**Data for review:**
=====

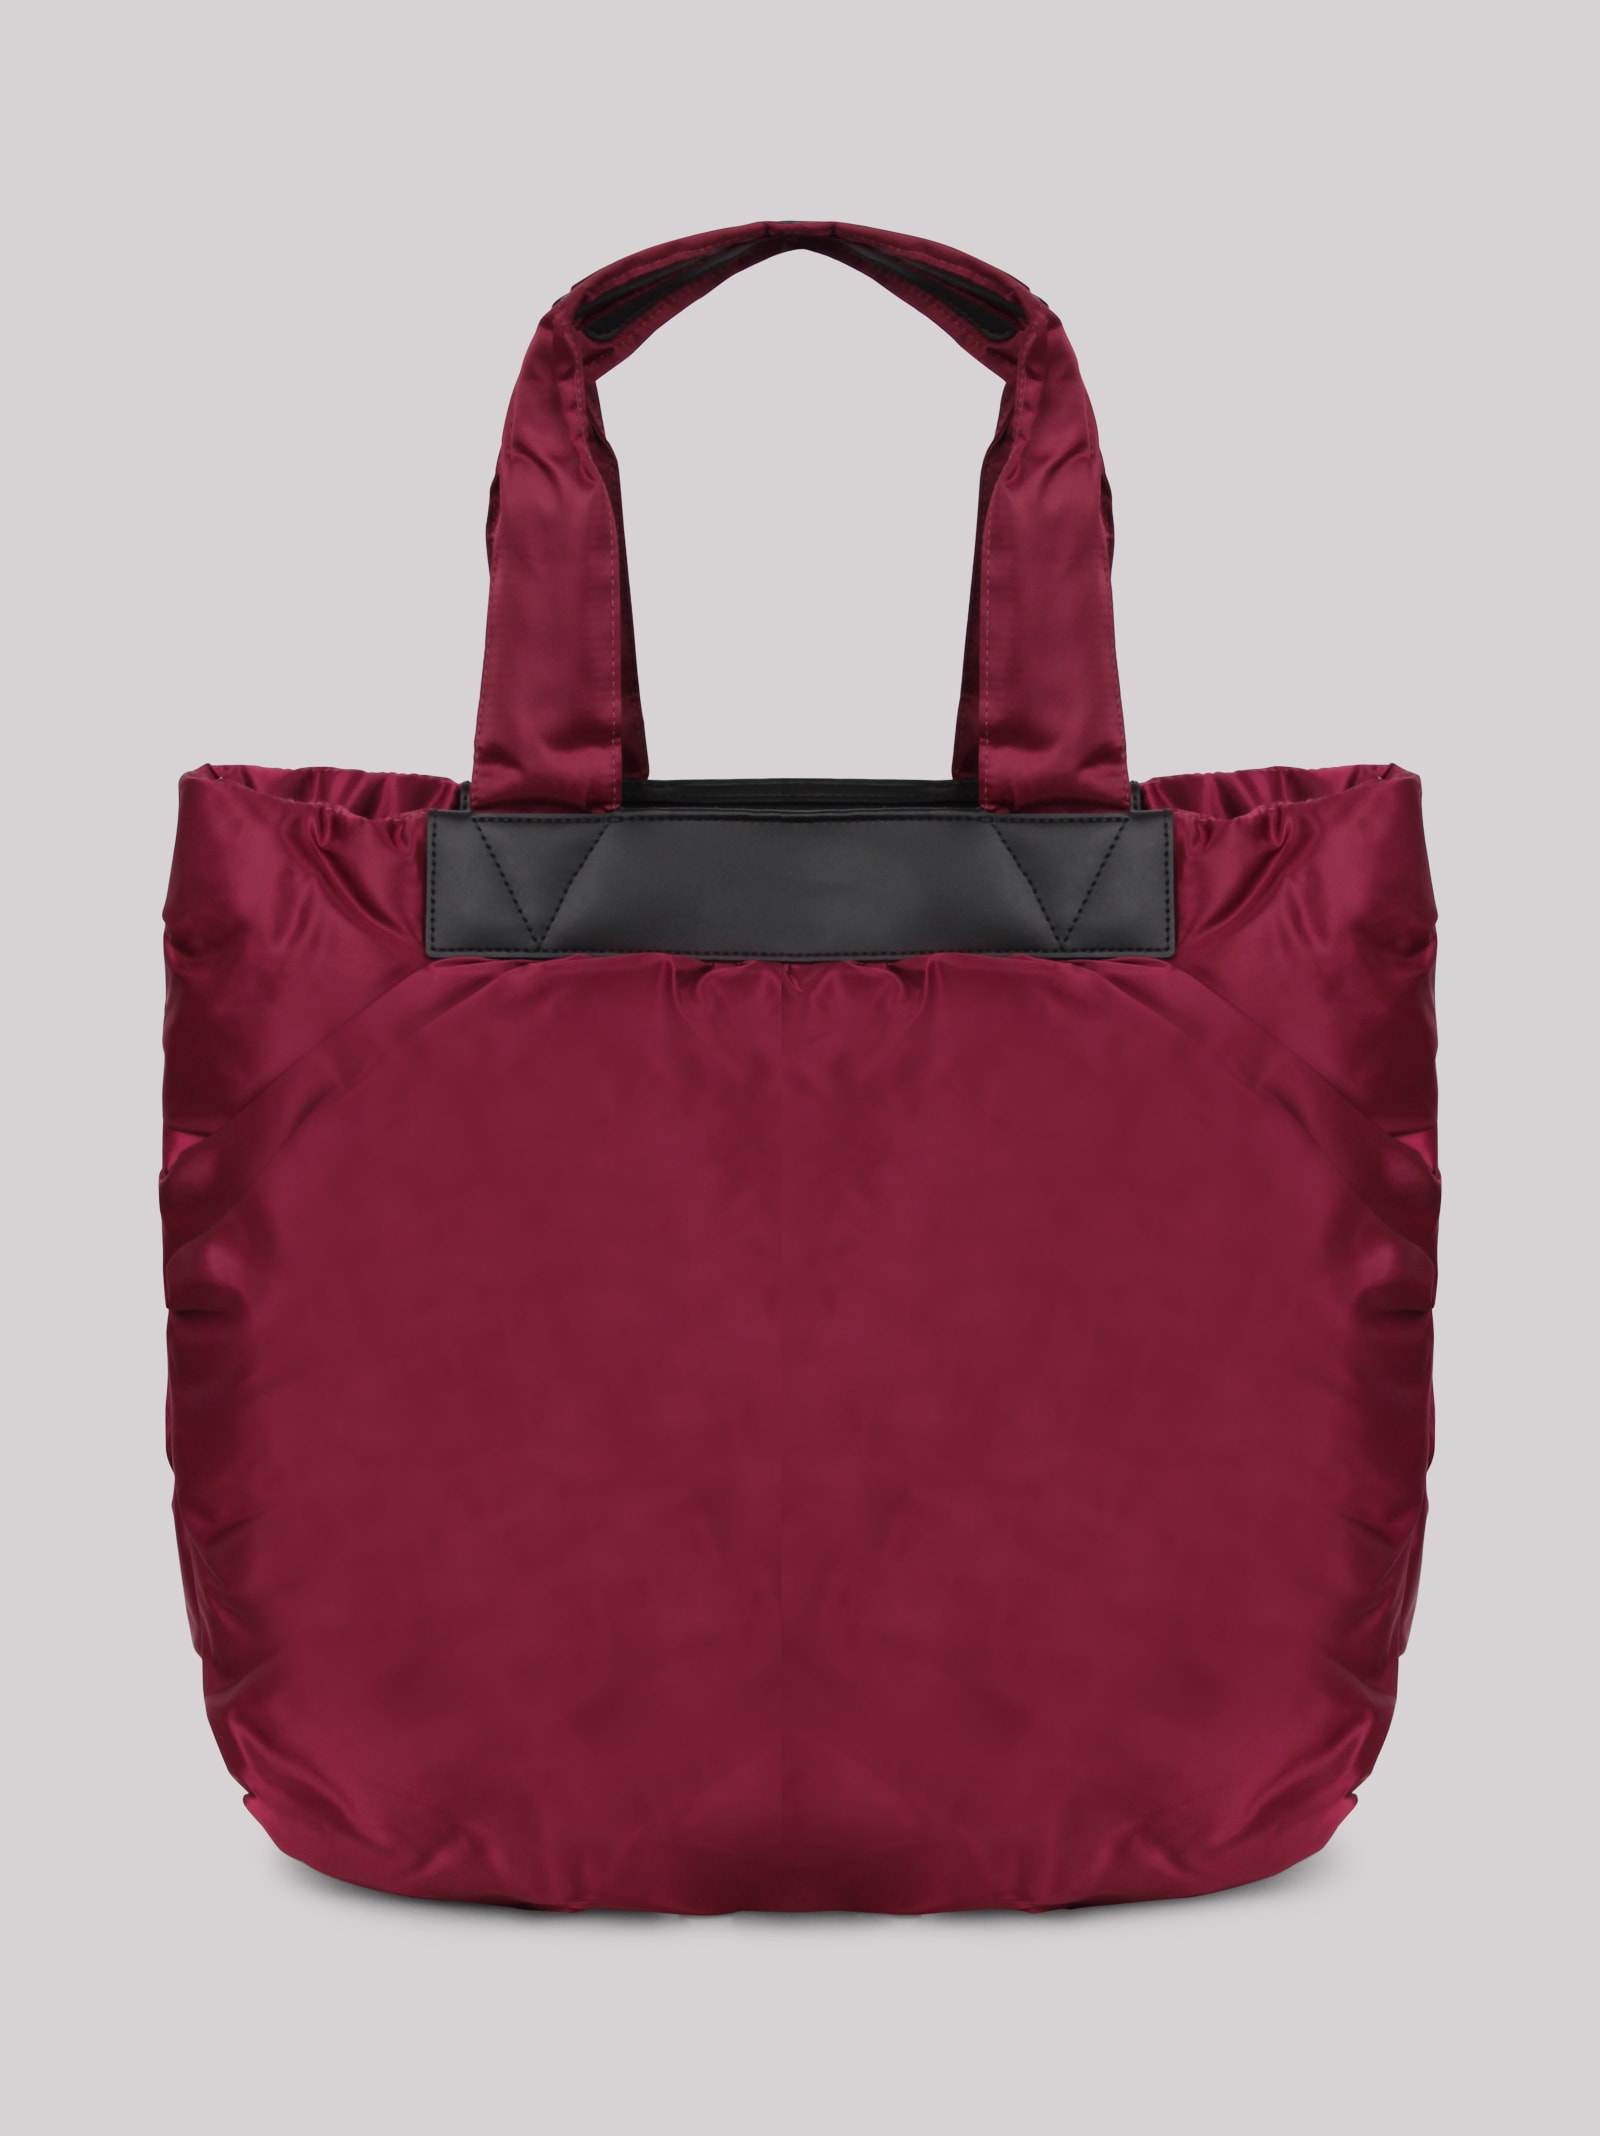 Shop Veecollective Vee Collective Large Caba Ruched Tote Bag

=====

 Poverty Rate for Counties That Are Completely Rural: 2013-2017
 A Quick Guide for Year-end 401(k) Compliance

=====

**Your assignment:**
In the listing above, find the line containing "Poverty Rate for" and the line containing "A Quick Guide for Year-end 401(k) Compliance", then repeat those two lines and everything between them exactly.

**Solution for this task:**
 Poverty Rate for Counties That Are Completely Rural: 2013-2017
 A Quick Guide for Year-end 401(k) Compliance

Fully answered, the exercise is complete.